PROBLEM DESCRIPTION
Only the lines from the one containing "B CM : Pompa" to the end of the data below belong in the answer, each repeated exactly; no pictures.

SUPPLIED MATERIAL
:::::

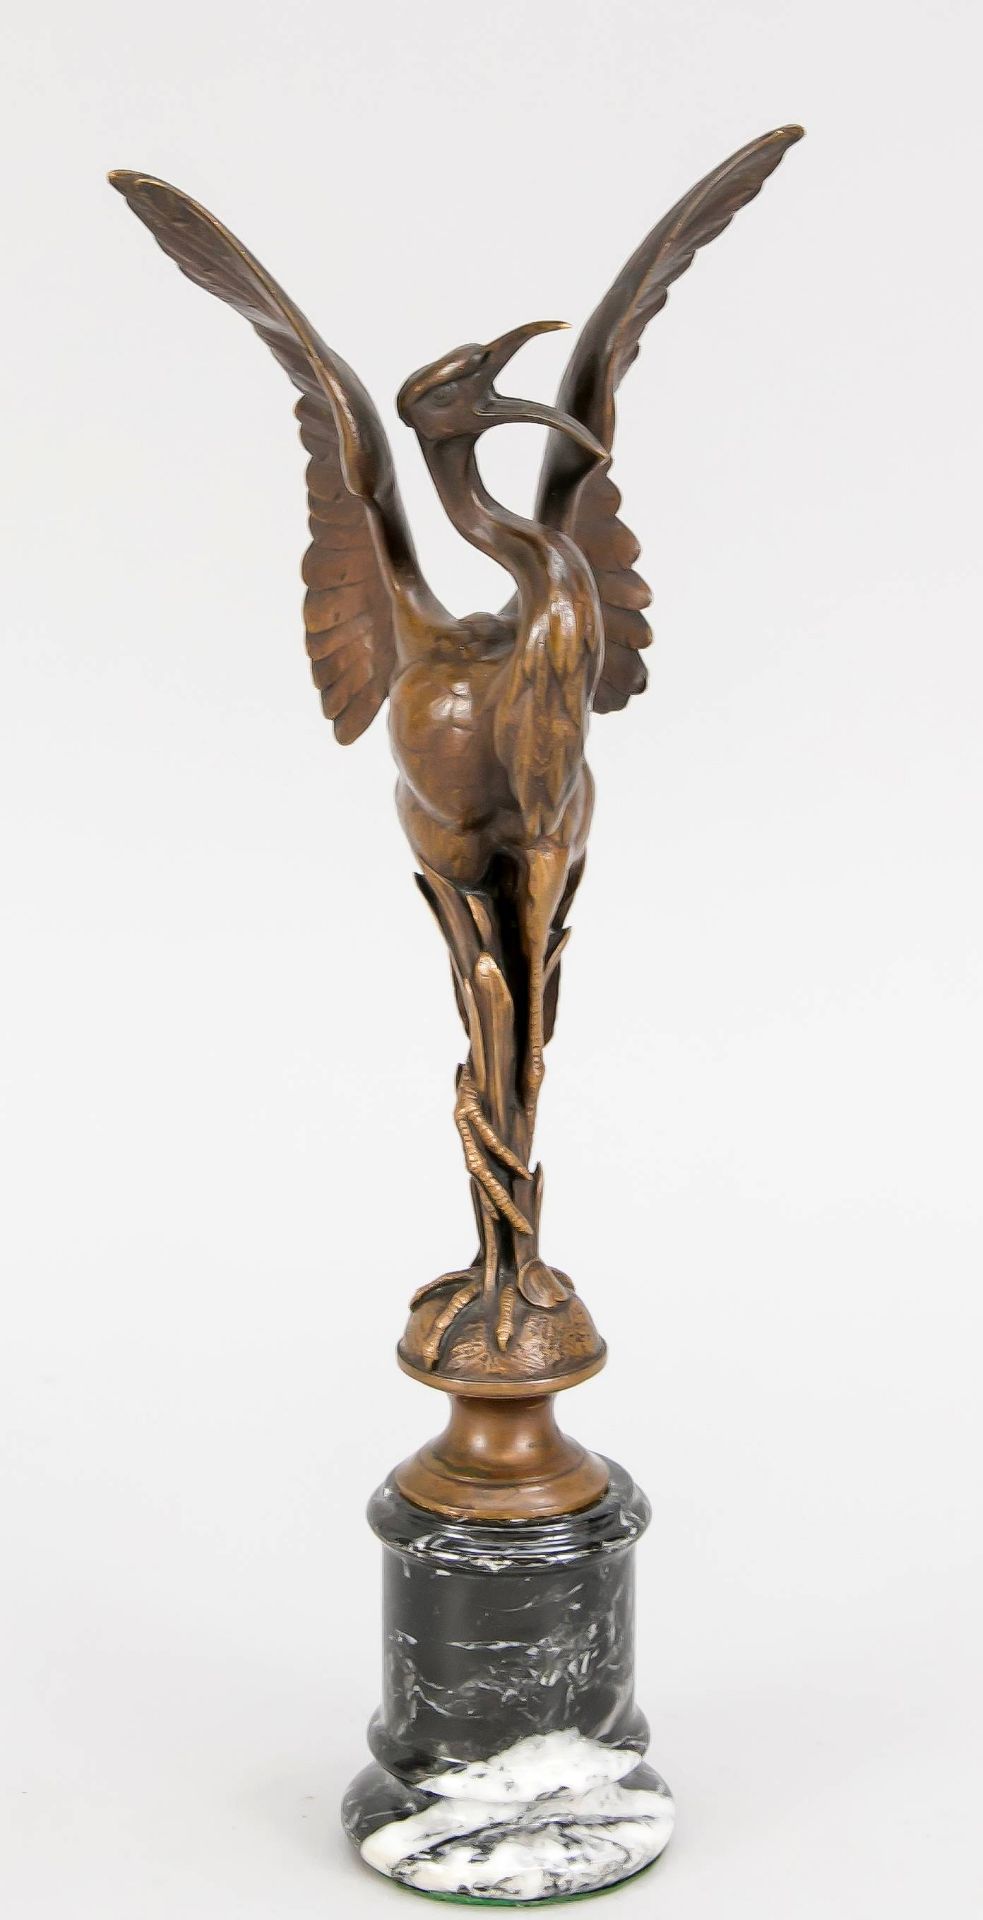 Anonymer Bildhauer um 1900, stehender Fischreiher, braun patinierte Bronze aufpilzförmigem Stand
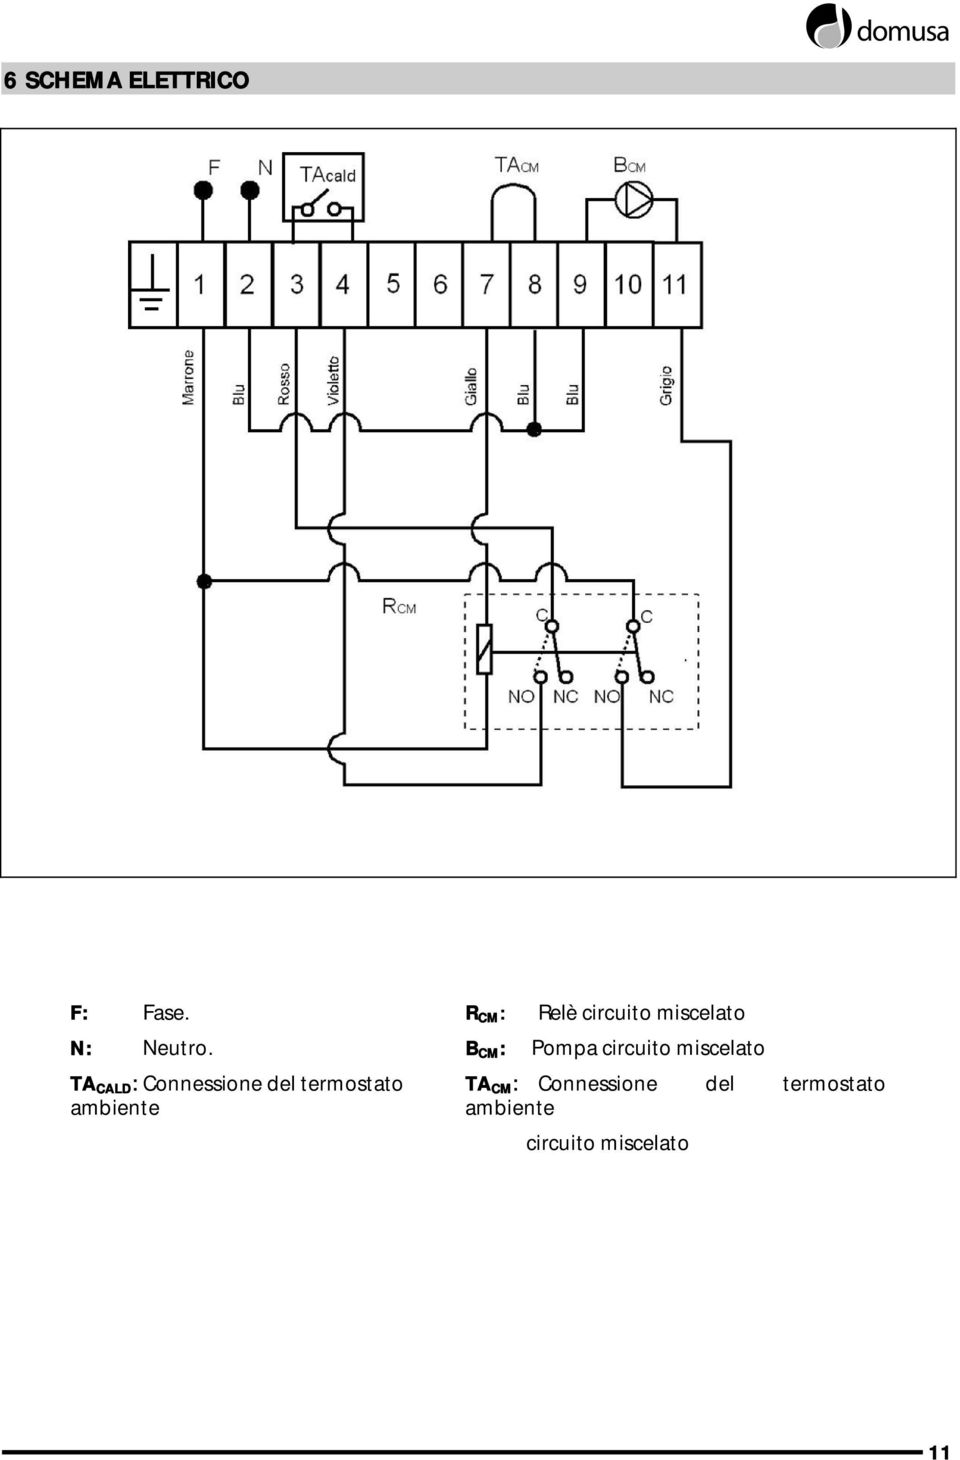 B CM : Pompa circuito miscelato TA CALD : Connessione
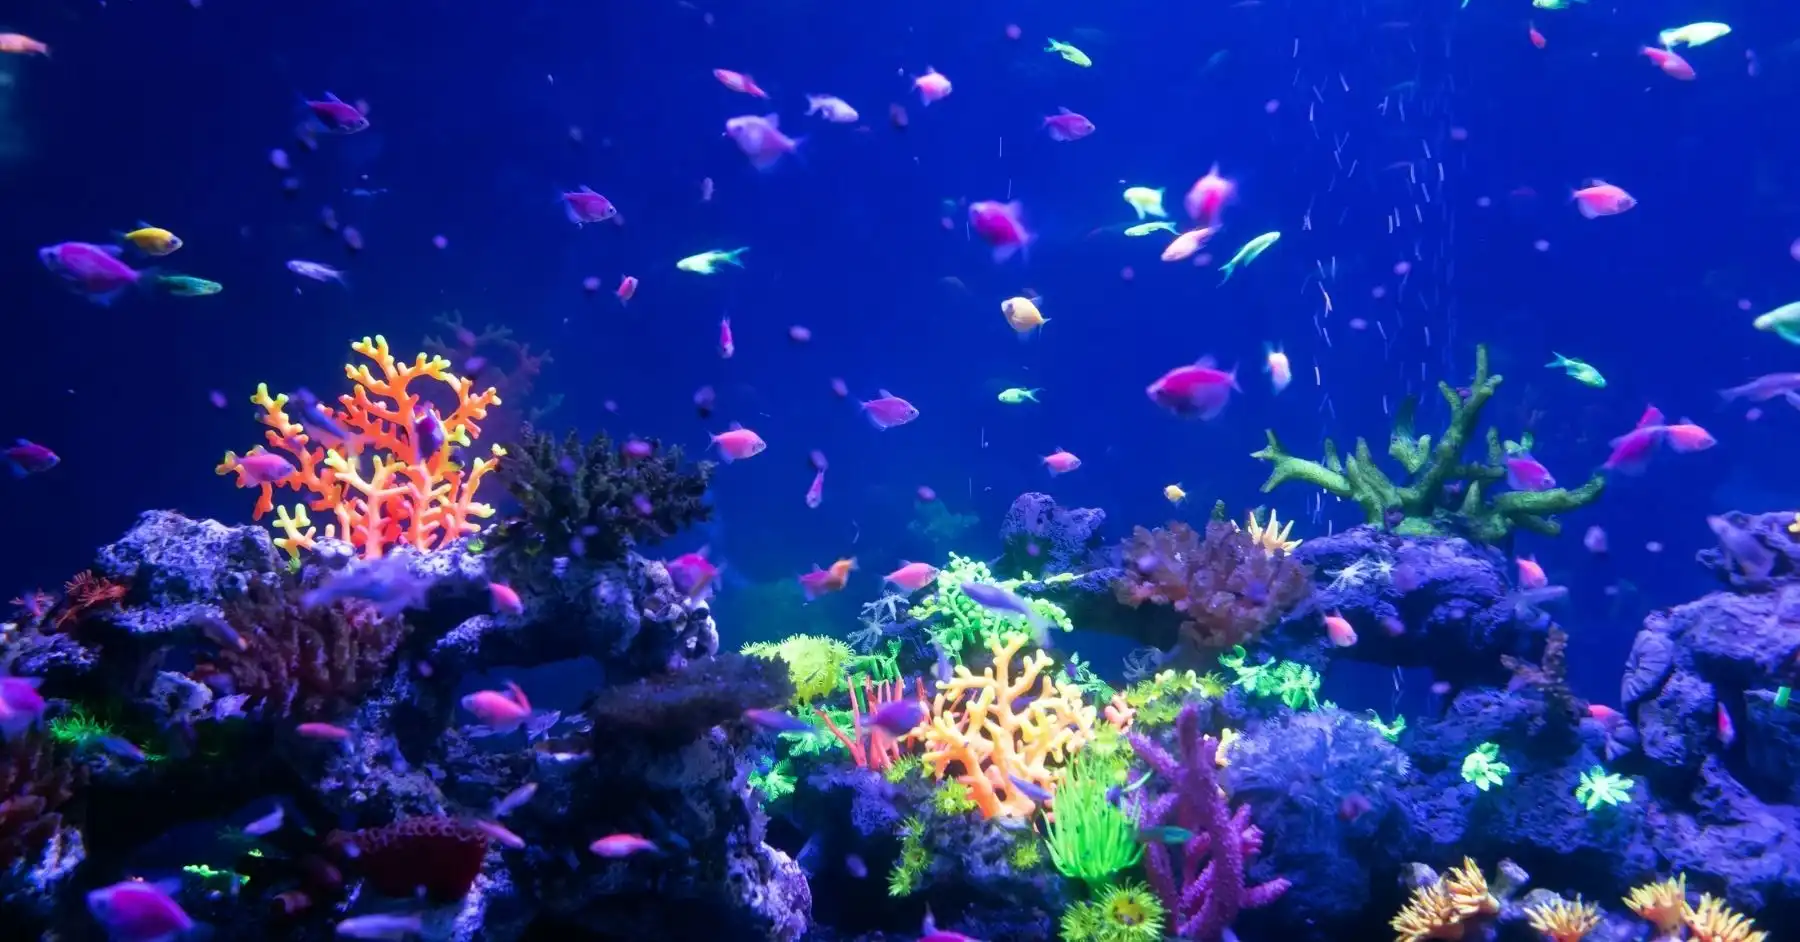 How to avoid spreading ICH in aquarium
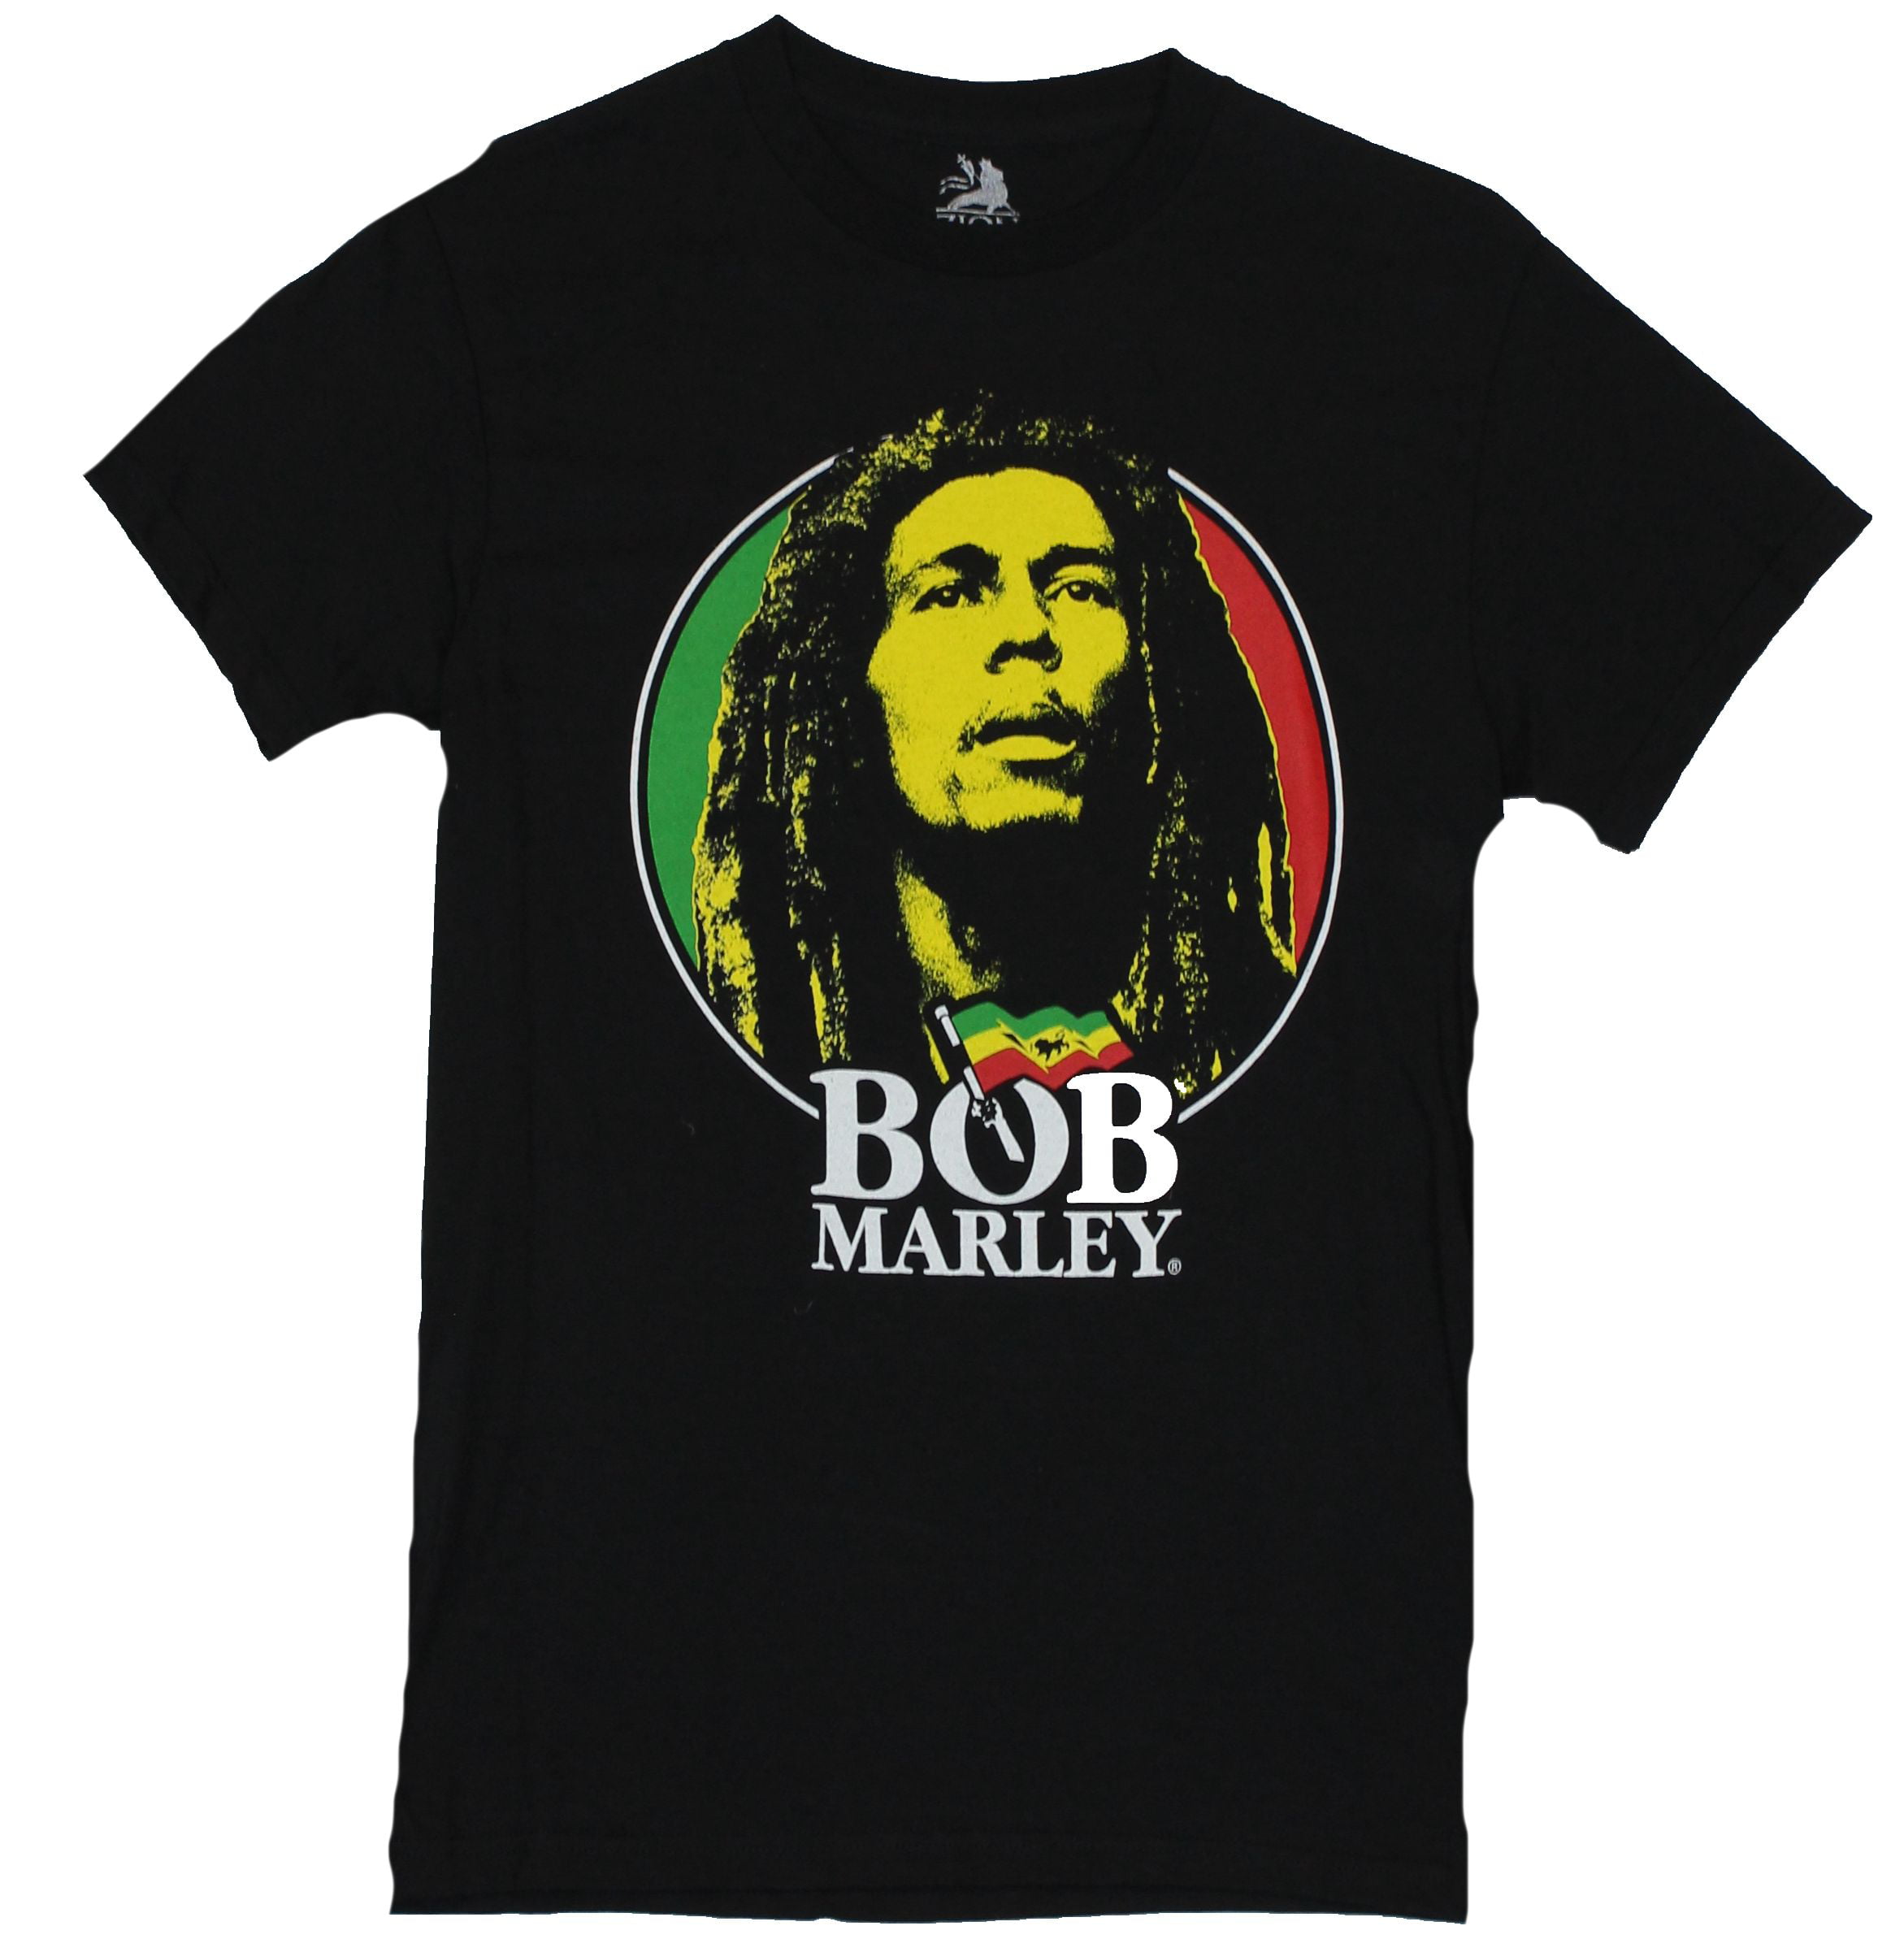 Bob Marley - Bob Marley Mens T-Shirt - Circled Three Colored Bob ...

:::::

WRITTEN REPLY
 B CM : Pompa circuito miscelato TA CALD : Connessione
 How to avoid spreading ICH in aquarium
 Bob Marley - Bob Marley Mens T-Shirt - Circled Three Colored Bob ...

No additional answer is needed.